▸ Problem statement
Transcribe only the part of the material below that begins at the line containing "Escândalo que derrubou" and ends at the line containing "4960573f5491 Prover i", with both kept and images left out.

▸ Provided material
══════════
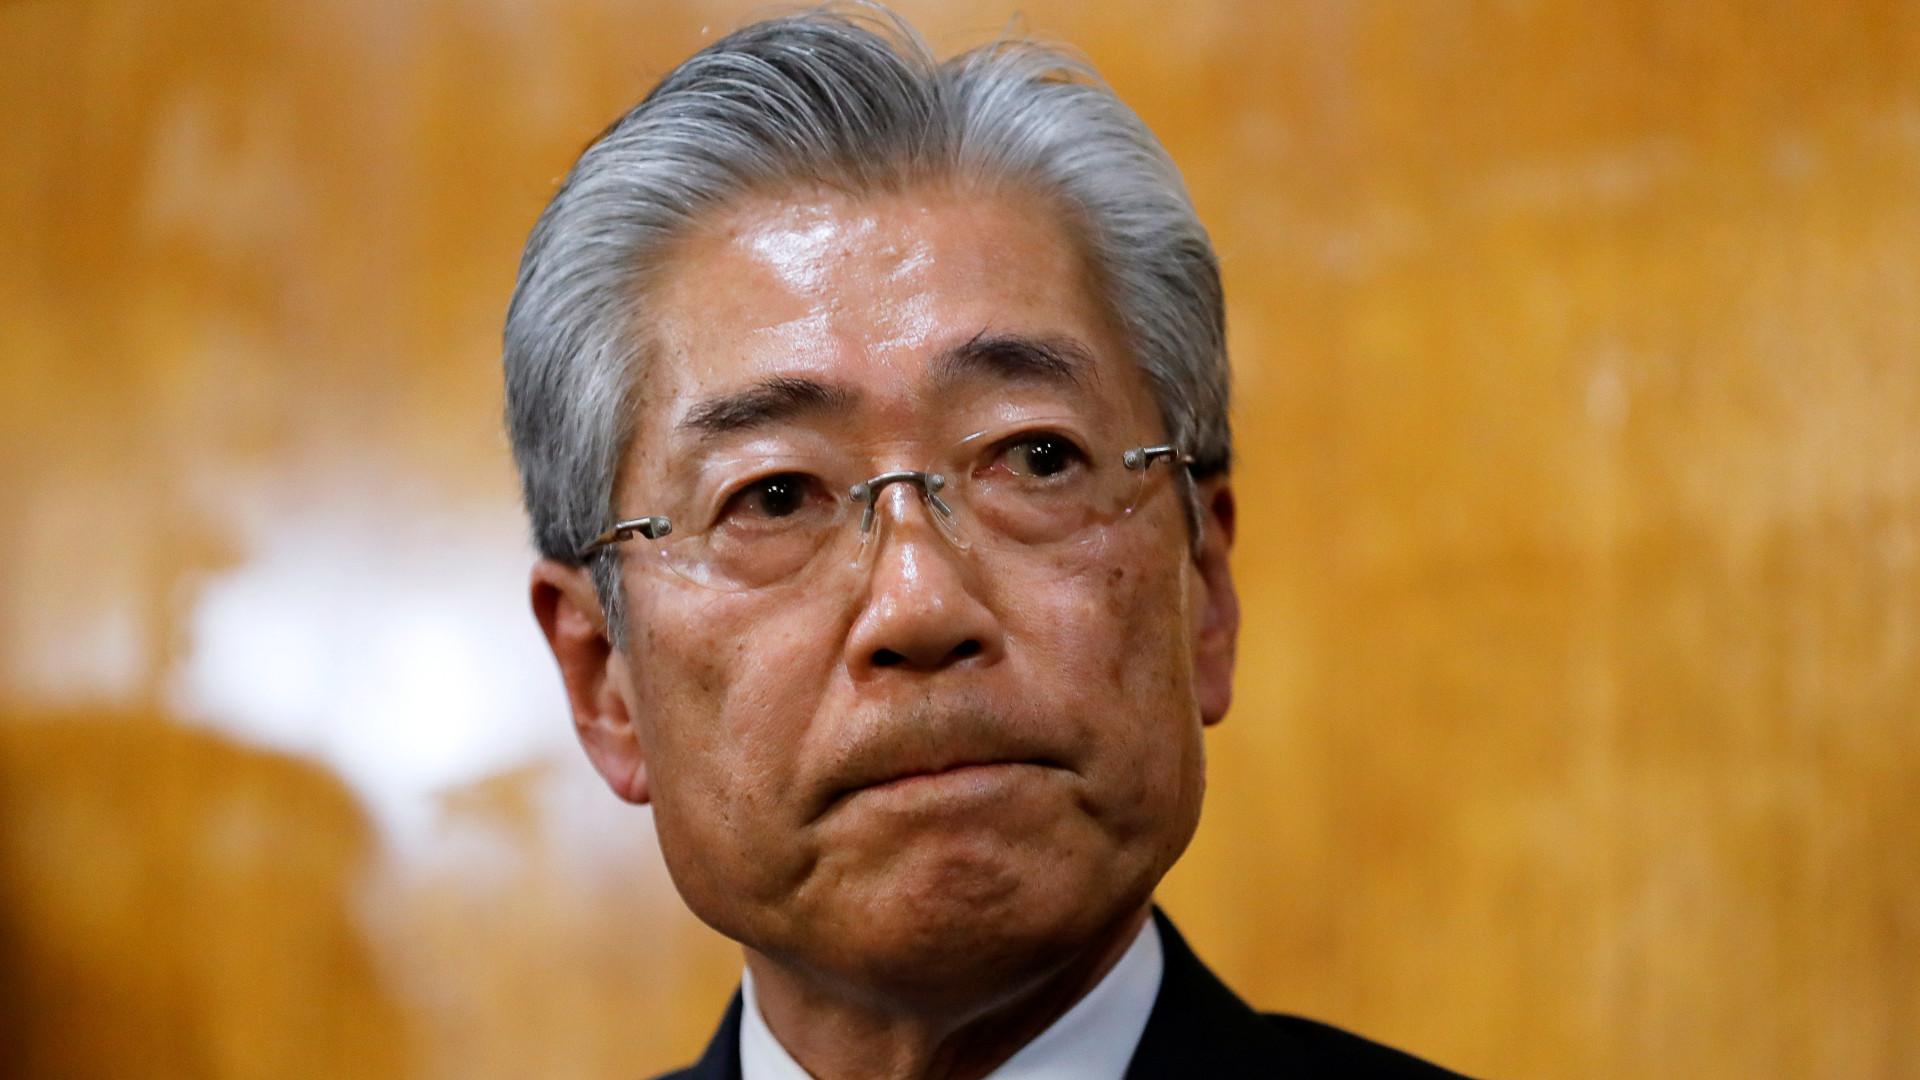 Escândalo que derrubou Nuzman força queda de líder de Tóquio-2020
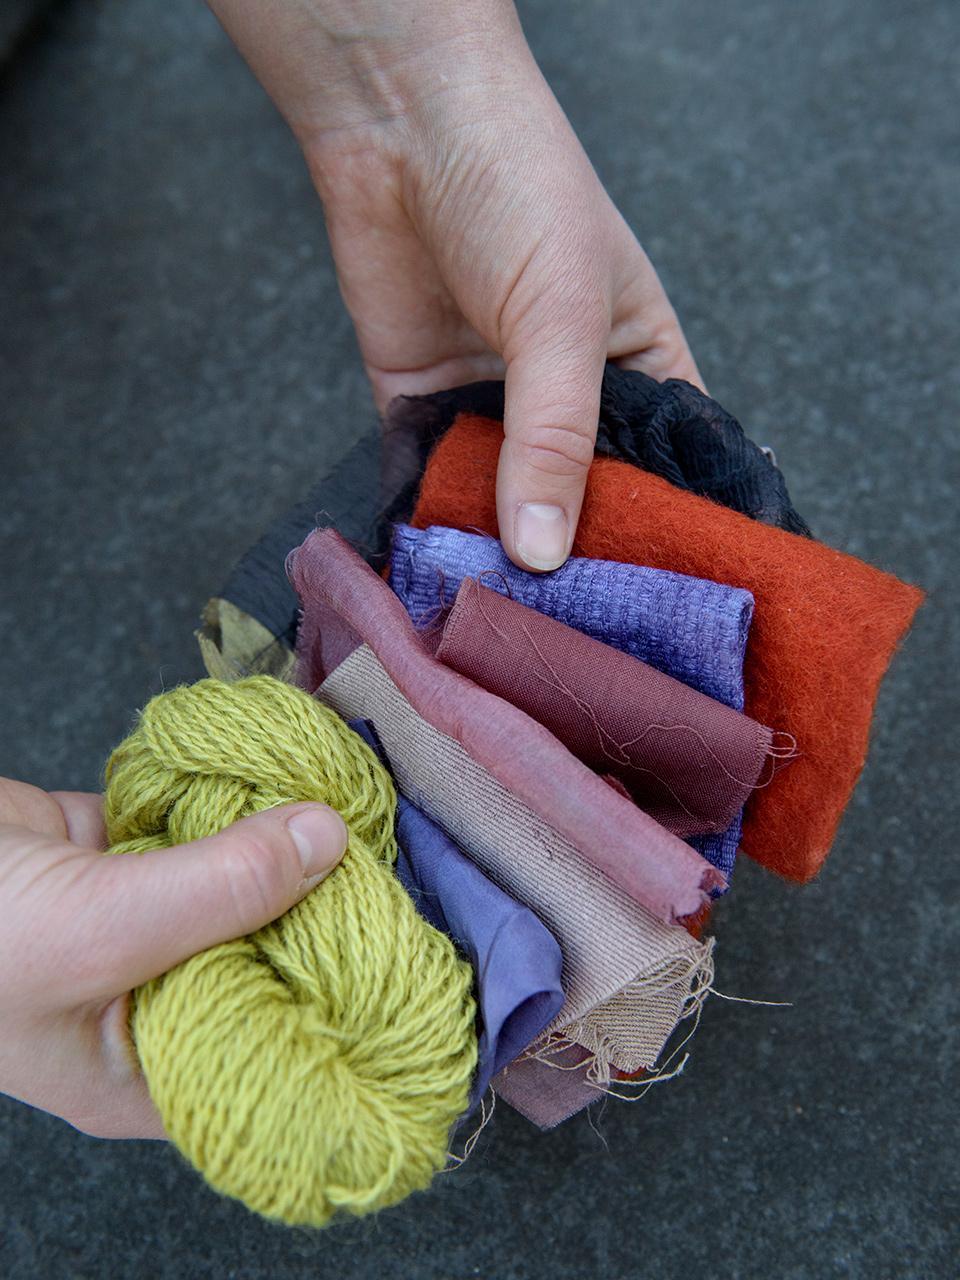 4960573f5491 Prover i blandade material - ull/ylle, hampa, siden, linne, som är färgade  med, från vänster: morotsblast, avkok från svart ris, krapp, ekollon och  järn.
══════════
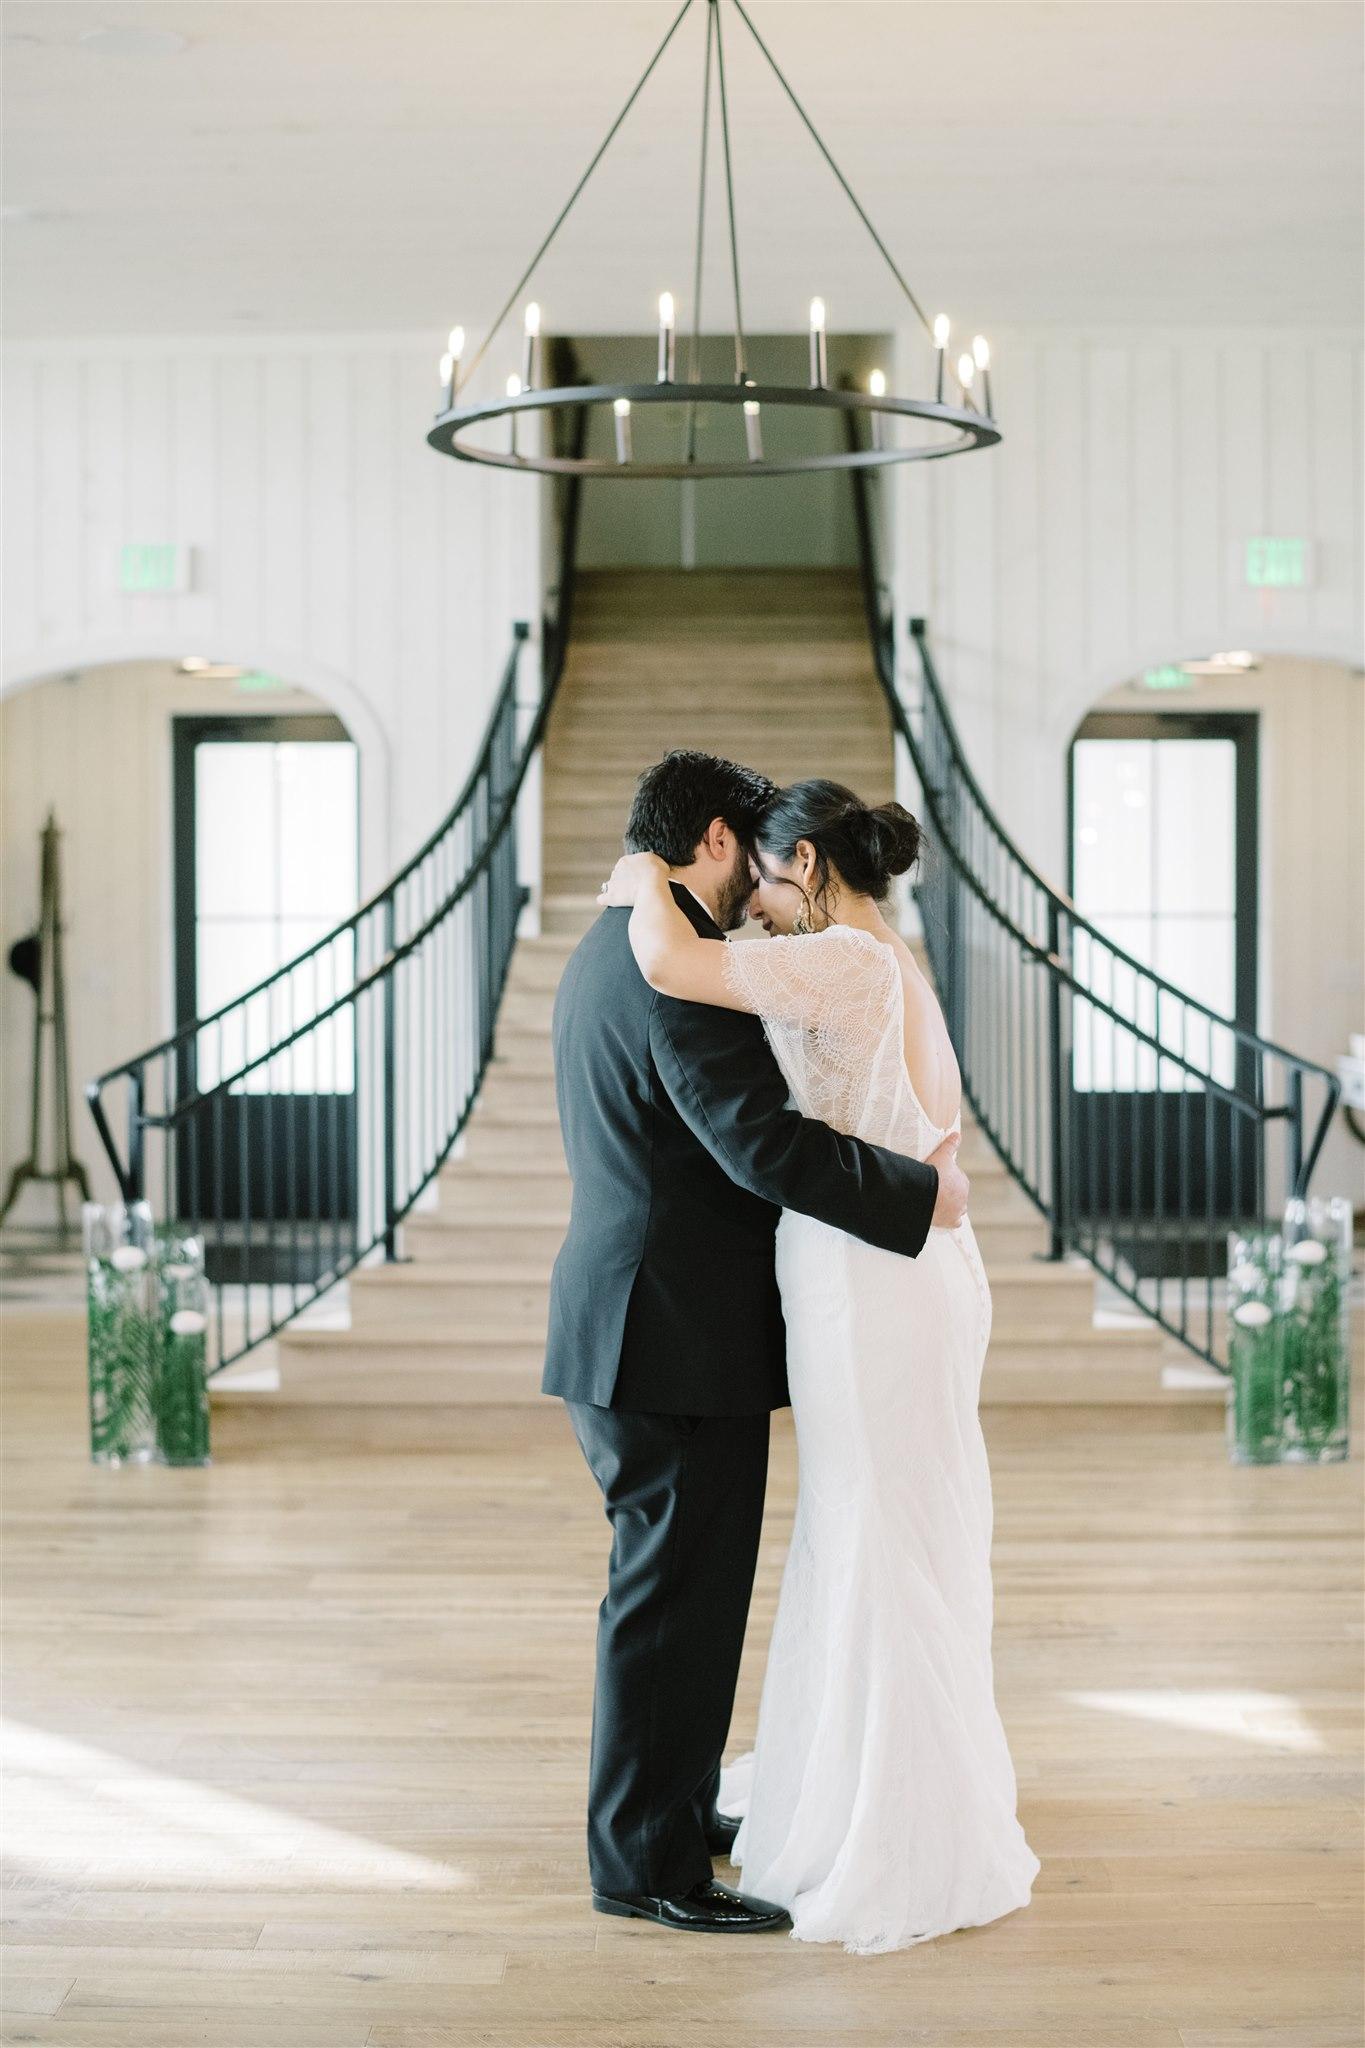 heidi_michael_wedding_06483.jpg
══════════
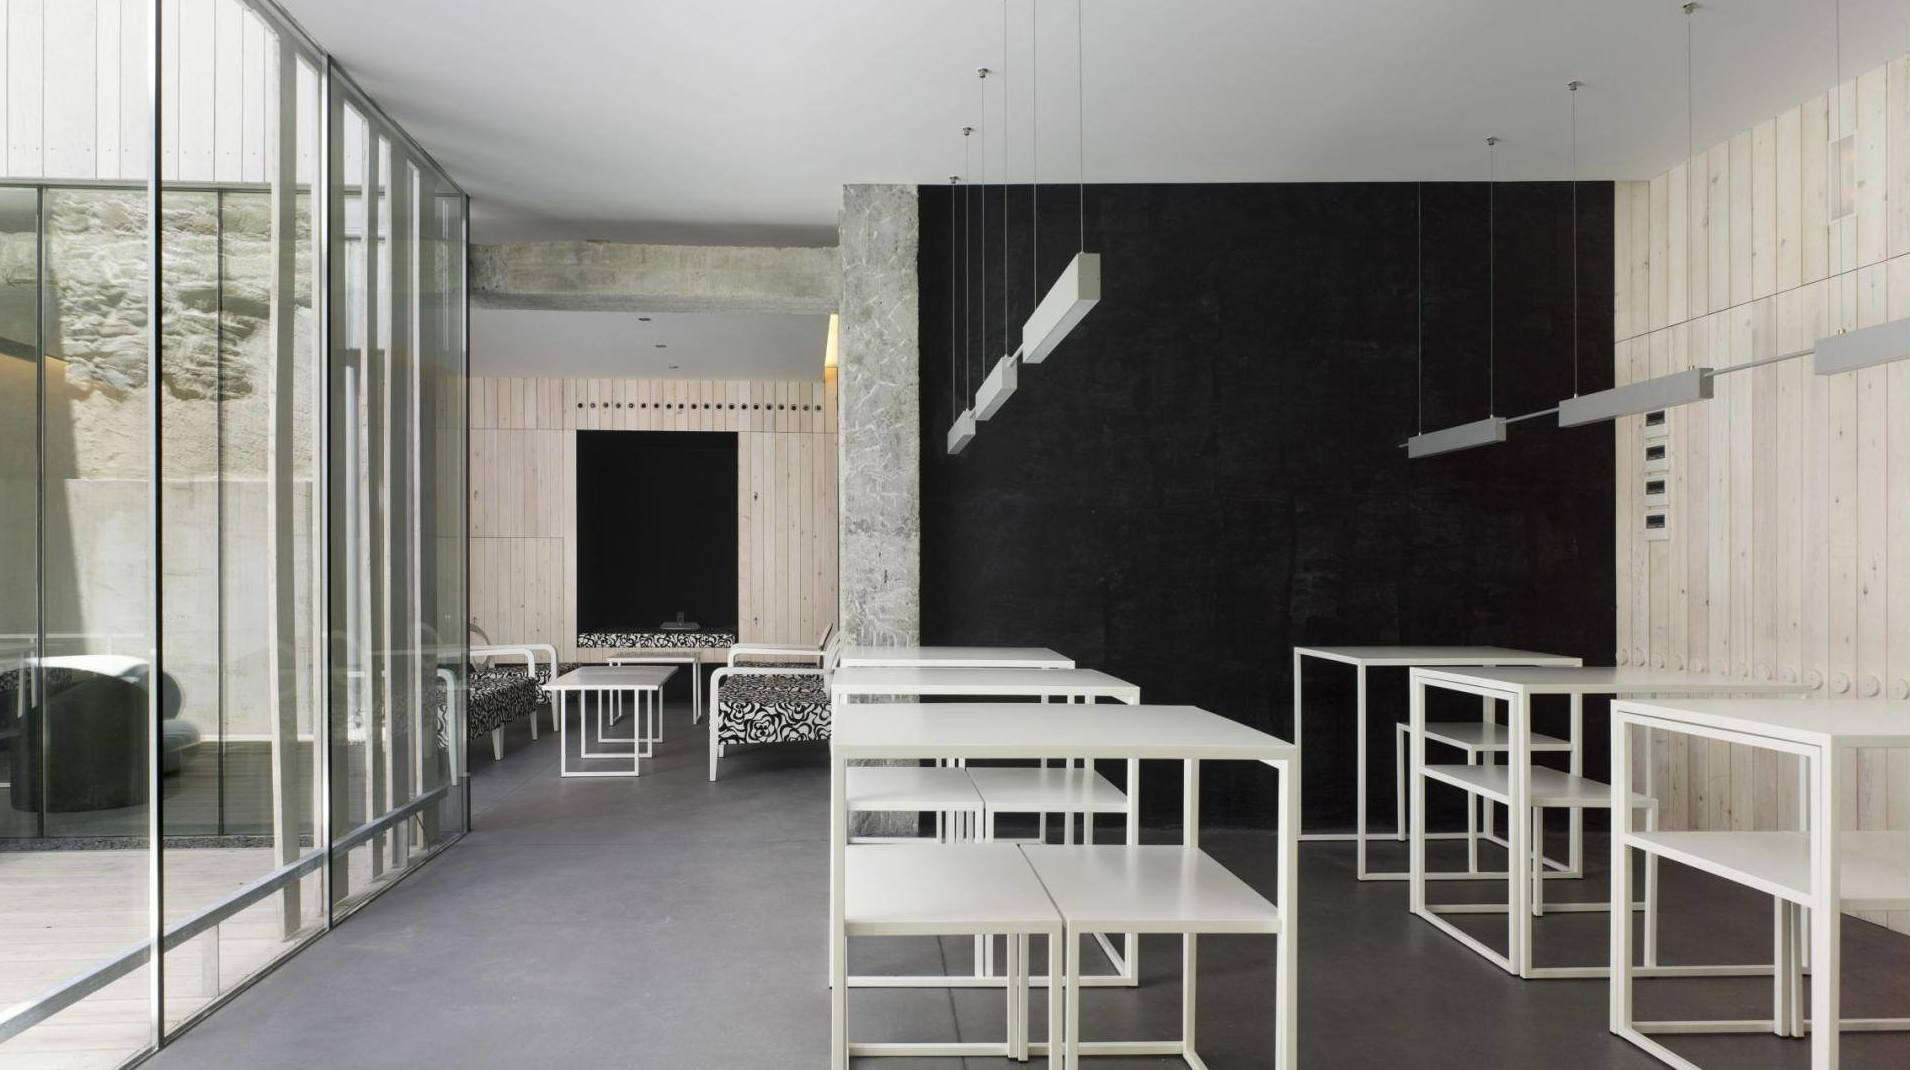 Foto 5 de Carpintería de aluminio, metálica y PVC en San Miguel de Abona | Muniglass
══════════
▸ Task answer
 Escândalo que derrubou Nuzman força queda de líder de Tóquio-2020
 4960573f5491 Prover i blandade material - ull/ylle, hampa, siden, linne, som är färgade  med, från vänster: morotsblast, avkok från svart ris, krapp, ekollon och  järn.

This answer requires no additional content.